Hacker Newsnew | past | comments | ask | show | jobs | submitlogin

I always get excited when I see these "tutorials for dummies" (like me). Like "finally, I get to take an evening to understand this concept that's eluded me for years." Generally, I get let down. This time is no exception.

They always start off well, then inevitably there's a concept or key terminology that gets glossed over without sufficient explanation. .

"The random variable is described by the probability density function. The probability density function is characterized by moments.

The moments of the random value are expected values of powers of the random variable. We are interested in two types of moments"

This is where my journey ended this time. OK, so is that the expected value of the expontnent.of the random value orthe expected value of the random value to some power... and what makes the power of a randome value so special vice just operating on the randome value itself.

It's like these authors get tired of "dumbing" things down at random points in their chain of thought and just decide to skip over stuff. Or, perhaps they don't understand the underlying concepts themselves and simply can't explain them to others.

Who knows. Just frustrating. At least in Udemy you can write to instructors and ask questions. Unlike a book author who aren't paid to respond.



One of the biggest challenges in learning, especially in learning something new, is that it’s a chain. If you don’t have something’s prerequisite knowledge, you can’t understand it (by definition). This means that only one insufficient explanation by the author blows it. As a general rule, it’s really hard to not mess up once!

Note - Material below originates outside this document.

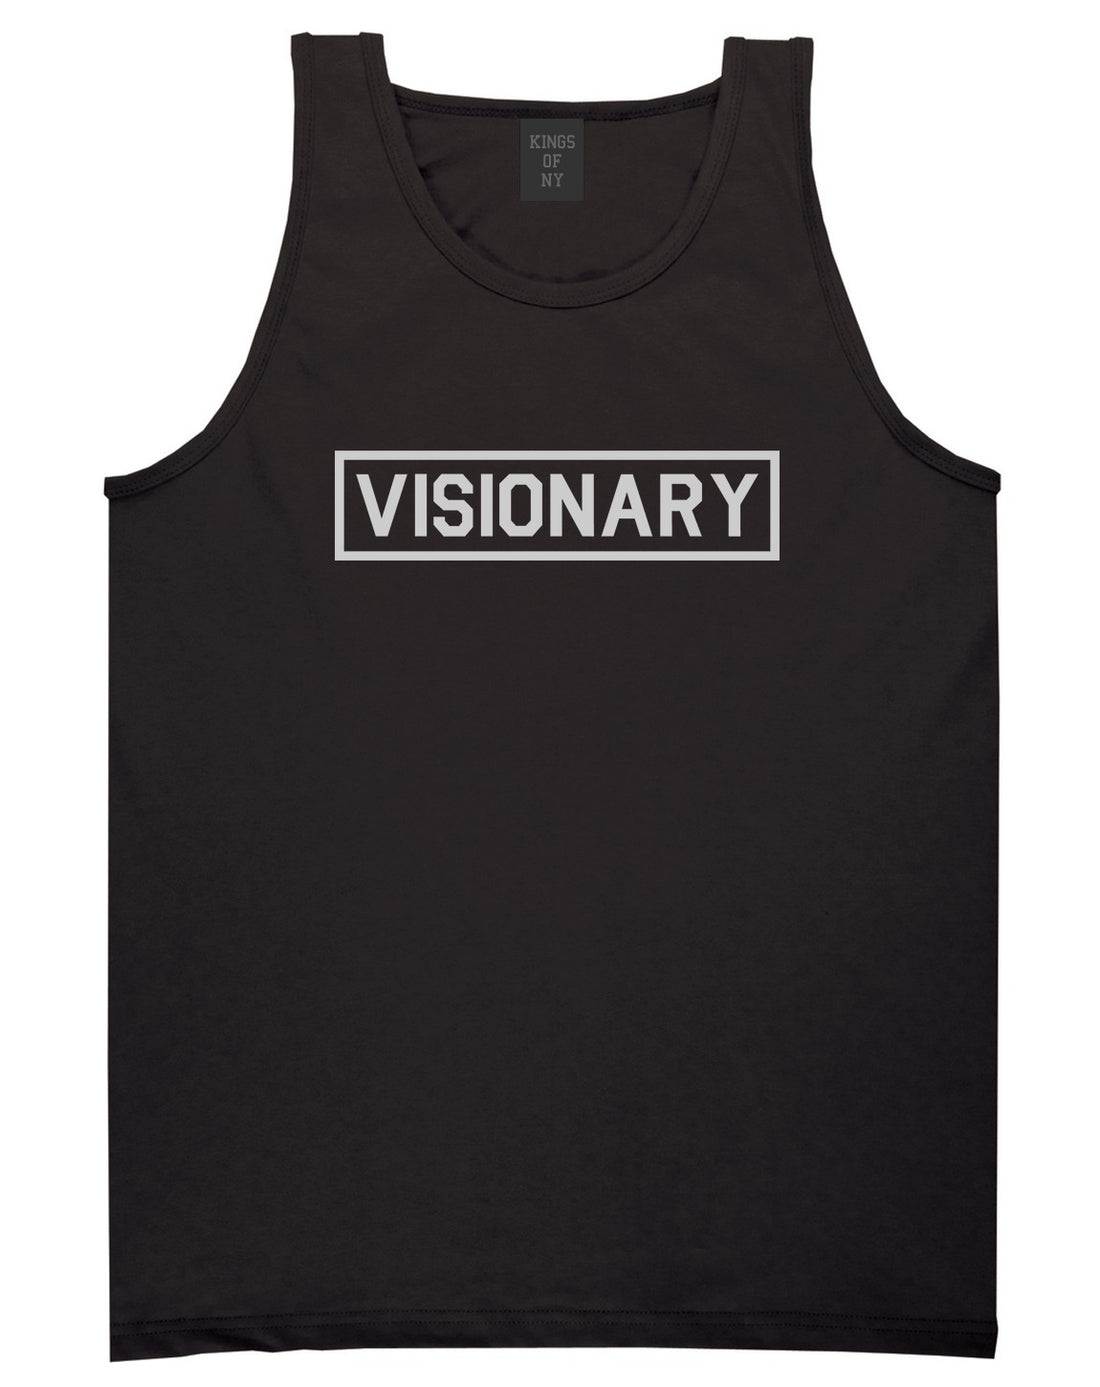 Visionary Box Mens Tank Top Shirt Black by Kings Of NY

You make a good distinction between someone being paid to respond and not. A feedback loop helps out a lot here.

Failing that, you need to take this into your own hands. Honestly, you’re probably going to have to tell yourself a new story to get there. Maybe having empathy for the difficulty of teaching. Maybe it’s finding some inner drive. I don’t know. But you need to look at that paragraph, accept it’s insufficiently explained, and take responsibility for understanding it.

I’m not saying to read it over and over until you “get it”. (I don’t know why people try that, it’s kinda foolish). A simple strategy works most of the time. Read it until you find a word or phrase you don’t sufficiently understand. Maybe that’s “random variable”. Maybe it’s “probability density function”. Find an explanation for that (Wikipedia, ChatGPT, textbooks, videos). The fun thing is this algorithm is recursive. So you’ll likely run into something you don’t know again. That’s okay, just keep going. If it’s really tough, a lot of the value of a tutor is steering this depth first search.

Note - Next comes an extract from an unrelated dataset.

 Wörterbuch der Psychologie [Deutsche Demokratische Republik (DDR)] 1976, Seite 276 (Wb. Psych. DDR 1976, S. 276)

Get each concept to the point you understand it very well for the problem at hand. You don’t have to know everything about PDFs, but don’t hand wave it either. After this process, you’ll be able understand this paragraph and continue.

This may take a while! If something is in a new domain, it’s usual for you to actually spend more time backfilling knowledge than on the main content itself. That may make it not worth it for you, but it’s not inherently bad. And the next time for something similar should be faster.


The pdf is just the pullback measure.

A random variable is a function X(w) taking (eg) real values. In your probability space you already have an ambient measure space and an ambient probability measure P which takes sets in the measure space to [0,1]. The pdf is then the function defined on sets P(invX(q)). invX is a set valued inverse.

Ok, consider coin flips. Then X takes each element of sample space either to 1 or -1. Set values inverse of 1 is the sets that map to 1. Then we get the ambient probability measure of them.

You don’t really have to cope with measure theory in full to take this tiny step.


I don’t think the set of people who couldn’t understand the quoted paragraph but could understand your comment is very large.


I'd be shocked if somebody knows what an ambient measure space is but doesn't understand the nth moment of a random variable.


1/ I think you are referring to pushforward measure (https://en.wikipedia.org/wiki/Pushforward_measure): the random variable "pushes" the probability measure to its codomain. 2/ pdf requires a stronger condition: the pushforward measure needs to be absolutely continuous with respect to the sigma-finite measure (usually the Lebegue measure) on the codomain.


If anyone was frustrated like me on this concept of "moments" I found the following insightful and fascinating:

https://gregorygundersen.com/blog/2020/04/11/moments/

I have no idea how I got through undergrad and graduate school without internalizing this concept that seems so foundational. Whacky


I thought I had a pretty good grasp on this, but the idea that an infinite sum of higher order moments uniquely defines a distribution in a way analogous to a Taylor series, was new and super interesting! It gives credence to the shorthand that the lower order moments (mean, variance, etc) are the most important properties of a distribution to capture, and is how you should approximate an unknown distribution given limited parameters.


The hardest part of teaching is it's impossible to remember what it was like to not already know something. You can't un-know it so get back your previous perspective. So, you forget all the things you take as known.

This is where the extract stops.